The 4 legs of the relay are distinctly different and on the recommendation of another runner we allocated  to what we thought were our strengths.

a head lamp was mandatory for the 530am start

a beautiful sunrise after an awful week of cold weather


a bit nervous & excited for what was to come
We saw Running Buddy off for her 21km leg along the beaches of the Surf Coast, starting at Anglesea heading to Torquay. She was in for lots of rock hopping and wading through waist deep water at times but did really well to come into the checkpoint in 2:50 to tag me off.


triumphant & happy that the first leg was done

time to catch a breath and pass on the gps tracker

we shared some gear & then I was off onto leg 2
a quick photo and off I go


Leg 2 was a 28km section from Torquay back to Anglesea winding through the coast trail and hinterland. For me it was tough. It was hilly and long. I tripped and fell but got back up to keep running. I walked some, ran some and got through to the end in 4:04. 

at the midpoint checkpoint, 14 more km to go

beautiful trail conditions

the shoe wash to prevent 'die back'

the grass trees were thick in places, whipping our arms and legs

Finally I came out onto the beach and really close to the end, just one more inlet crossing to go. I was looking at the depth of the water trying to suss out the best place to cross. The girls were on the other side cheering me on, so I though F*ck it! and plunged in and ran to the checkpoint.
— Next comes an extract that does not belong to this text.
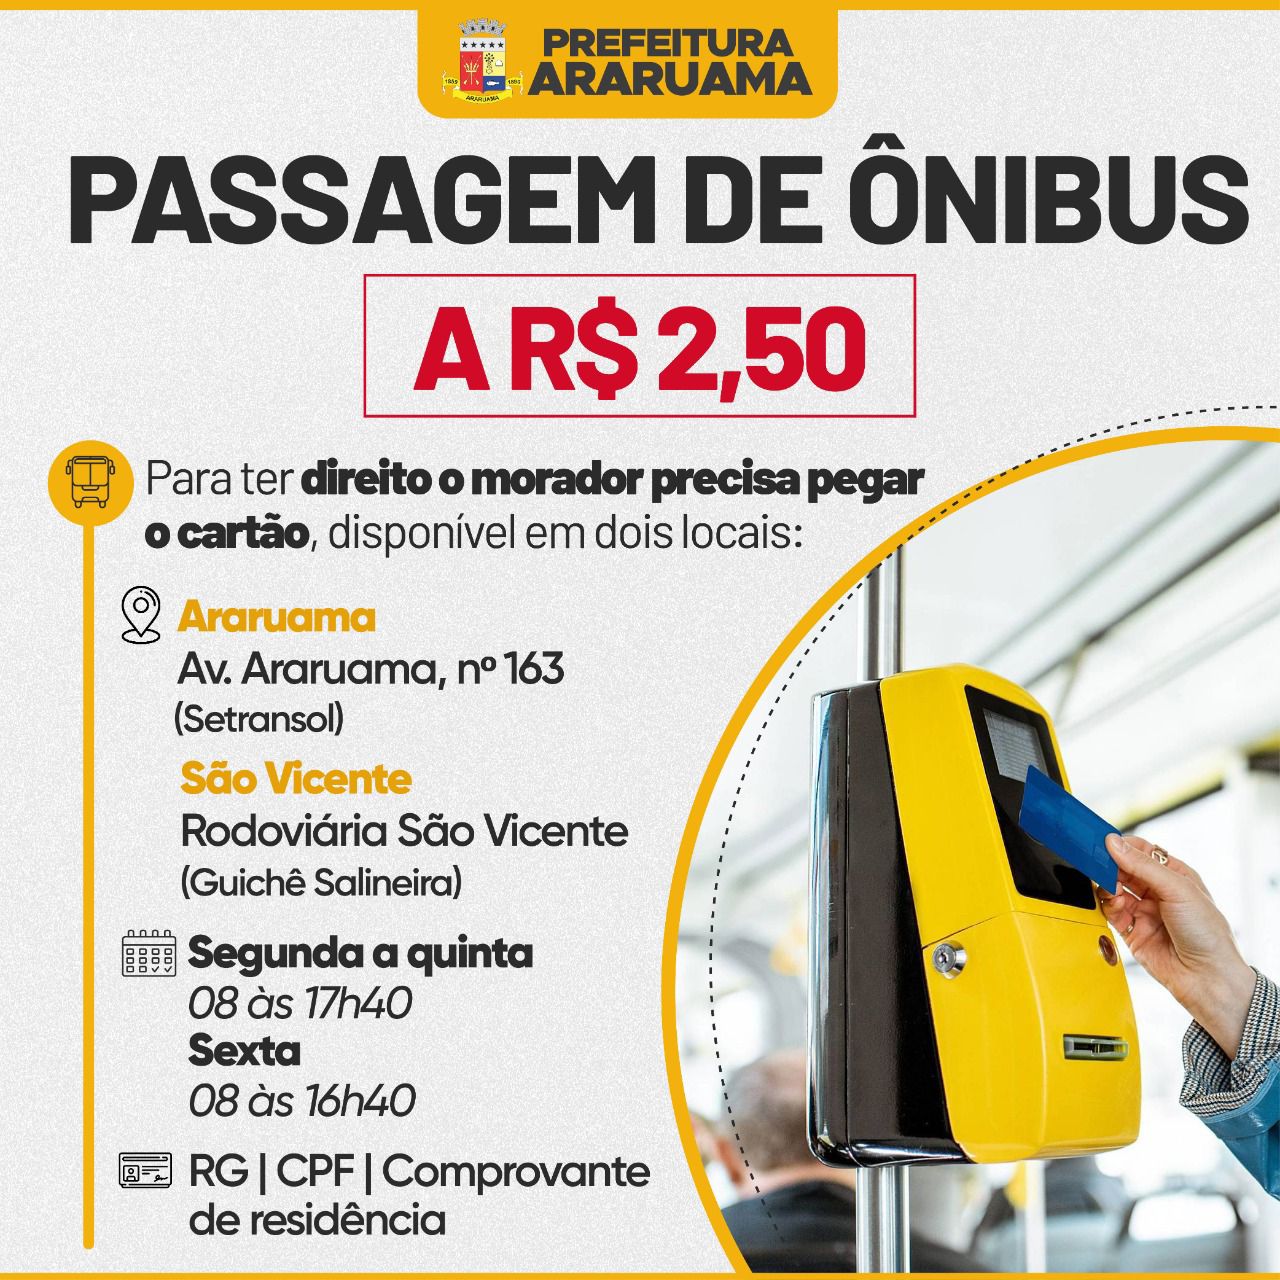 Prefeitura de Araruama implanta subsídio e passagem de ônibus passa a valer R$2,50

hat on backwards means a tough run


I was so happy to see them telling me that the finish was very close
the girls were waiting to cheer me to my finish

 Our GPS tracker enabled us to follow where we were at any point in the day so we could estimate arrival time.


coffee while waiting
 We thought we would have hours to fill in time between legs to eat, drink, rest but it is a busy day zooming between checkpoints, ferrying runners to showers and warm clothes. There was time though to debrief and catch up with the MCR people and cheer on others.
Sunny as it looks in these photos it was still cool when you weren't moving, casting off a jacket at the last moment.
next runner preparing to go

 excitement & nerves rippled through the day
Linda heads off for leg 3
Linda's leg 3 was nearly 30km long and she is an experienced runner who is willing to tackle anything and embraced this challenge. We met Linda through parkrun and she has fitted into our group very naturally. This leg included scrambling under a bridge and through the hinterland again up to Mogg's Creek. We waited at her mid point at Distillery Creek to cheer her on and then we drove up to the last checkpoint to do the last changeover.



It was a long day for Melissa who was up at 5am to see off the first runners and then waiting all day until 4:15 pm to run that last leg.

 Mel started in daylight but dusk came and then the dark and so the headlight came out. Being a fast runner Mel was perfect for the last leg. We were checking the tracker and amazed at her progress so headed down to the finish line in time to see her cross the line at 6:50 pm. She had hills and long beach sections from Moggs Creek back to Anglesea.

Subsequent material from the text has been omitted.